One example of a mode for varying the resonance frequency of the
determination piezoelectric elements 60 is a mode in which the
thickness and rigidity of the respective determination
piezoelectric elements 60 are varied.
[0203] The present embodiment describes a mode in which five
determination piezoelectric elements 60 provided on the inner faces
of the pressure chamber 52 have respectively different resonance
frequencies, but it is also possible to adopt a composition in
which at least two of the five determination piezoelectric elements
60 have different resonance frequencies.
[0204] Furthermore, the resonance frequency of the determination
piezoelectric elements 60 is decided in accordance with the drive
frequency of the ejection piezoelectric elements 58. In a general
inkjet recording apparatus, the drive frequency of the ejection
piezoelectric elements is in the range of several tens kHz to
several hundreds kHz, and in a mist ejection type inkjet recording
apparatus, the drive frequency of the ejection piezoelectric
elements is in the range of several MHz to several tens MHz.
ADAPTATION EXAMPLE
[0205] Next, an adaptation of the present embodiment will be
described.
[0206] As described above, the print head 50 comprises
determination piezoelectric elements 60 for determining the
pressure inside the pressure chambers 52 (the pressure of the ink
inside the pressure chambers 52), provided respectively on five
inner faces of each pressure chamber 52, namely, the four side
faces and the bottom face thereof; and these determination
piezoelectric elements 60 have respectively different resonance
frequencies (for example, f0-f4 shown in FIG. 12 or f10-f14 shown
in FIG. 13).
[0207] The pressure wave generated in the pressure chamber 52 has
high linearity, and firstly, it applies a high pressure to the
surface opposing the diaphragm 56, whereupon the pressure wave is
reflected and dispersed by the surface opposing the diaphragm and
propagates to the other surfaces. This disturbance of the front of
the pressure wave results in broad frequency characteristics having
a broad frequency range.
[0208] Of the five determination piezoelectric elements 60 having
different resonance frequencies, if a determination piezoelectric
element 60 having a resonance frequency which corresponds to (is
substantially the same as) the most commonly used drive frequency
of the ejection piezoelectric element 58 is disposed on the surface
opposing the diaphragm (in the present embodiment, the bottom face
52C of the pressure chamber 52), then it is possible to determine a
pressure wave having a frequency which occurs habitually, with good
sensitivity.
[0209] Furthermore, if there is a difference between the surface
areas on which the determination piezoelectric elements 60 can be
provided on the respective faces, then it is possible to provide a
determination piezoelectric element 60 having a resonance frequency
corresponding to the most commonly used drive frequency of the
ejection piezoelectric element 58, on the face having the largest
possible surface area for providing the determination piezoelectric
element 60. By increasing the surface area of the determination
piezoelectric element 60 (the determination common electrode 62),
the current (charge) of the determination signal is increased, and
hence determination sensitivity can be raised.

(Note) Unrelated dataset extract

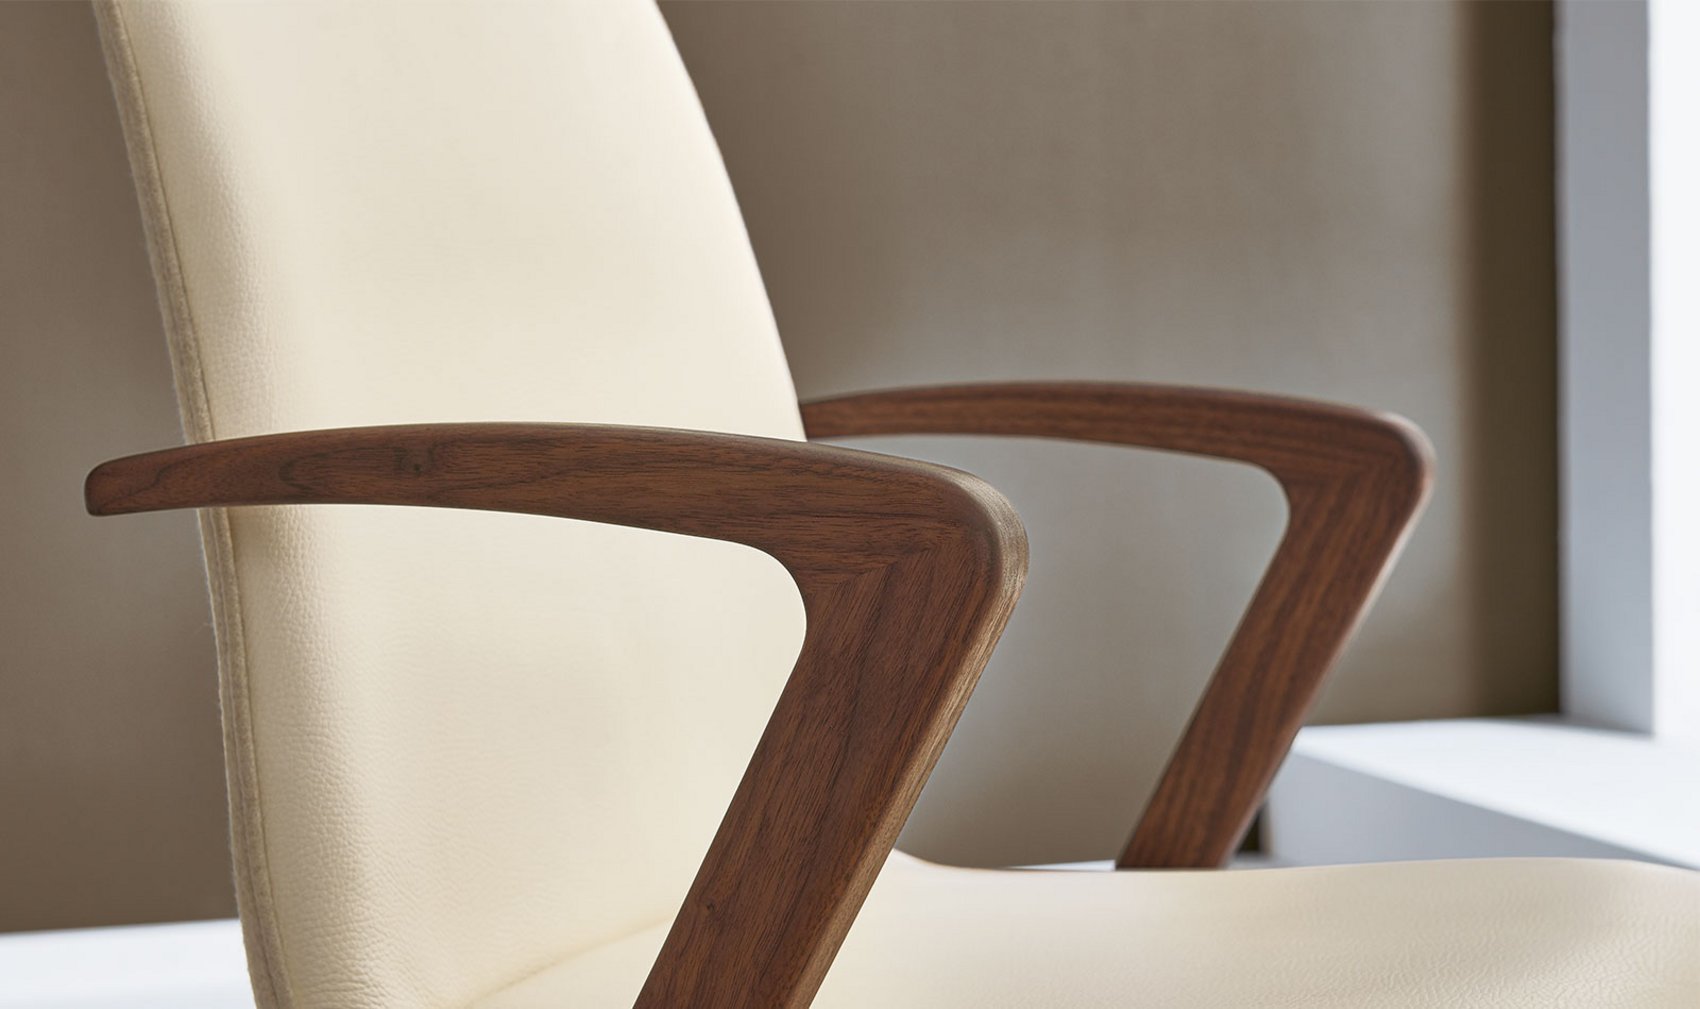 Esszimmer - Stühle Qualität / Möbel Sessel Design - Kate Venjakob durch Sessel - - Vorsprung und

[0210] Moreover, a determination piezoelectric element 60 having a
higher resonance frequency should be provided on the surface
opposing the diaphragm, and determination piezoelectric elements 60
having lower resonance frequencies should be provided on the
surfaces which are substantially perpendicular to the diaphragm 56
(in the present embodiment, the four side faces of the pressure
chamber 52).
[0211] According to this adaptation example, the positioning of the
determination piezoelectric elements 60 should be decided in
accordance with the propagation characteristics of the pressure
wave generated in the pressure chamber.
[0212] In the above-described embodiments, an inkjet recording
apparatus which forms images on recording paper 16 by ejecting ink
from nozzles 51 has been described, but the scope of application of
the present invention is not limited to this and it may also be
applied to a liquid ejection apparatus which ejects a liquid such
as water, liquid chemical, treatment liquid, or the like, from
ejection ports.
[0213] It should be understood, however, that there is no intention
to limit the invention to the specific forms disclosed, but on the
contrary, the invention is to cover all modifications, alternate
constructions and equivalents falling within the spirit and scope
of the invention as expressed in the appended claims.
* * * * *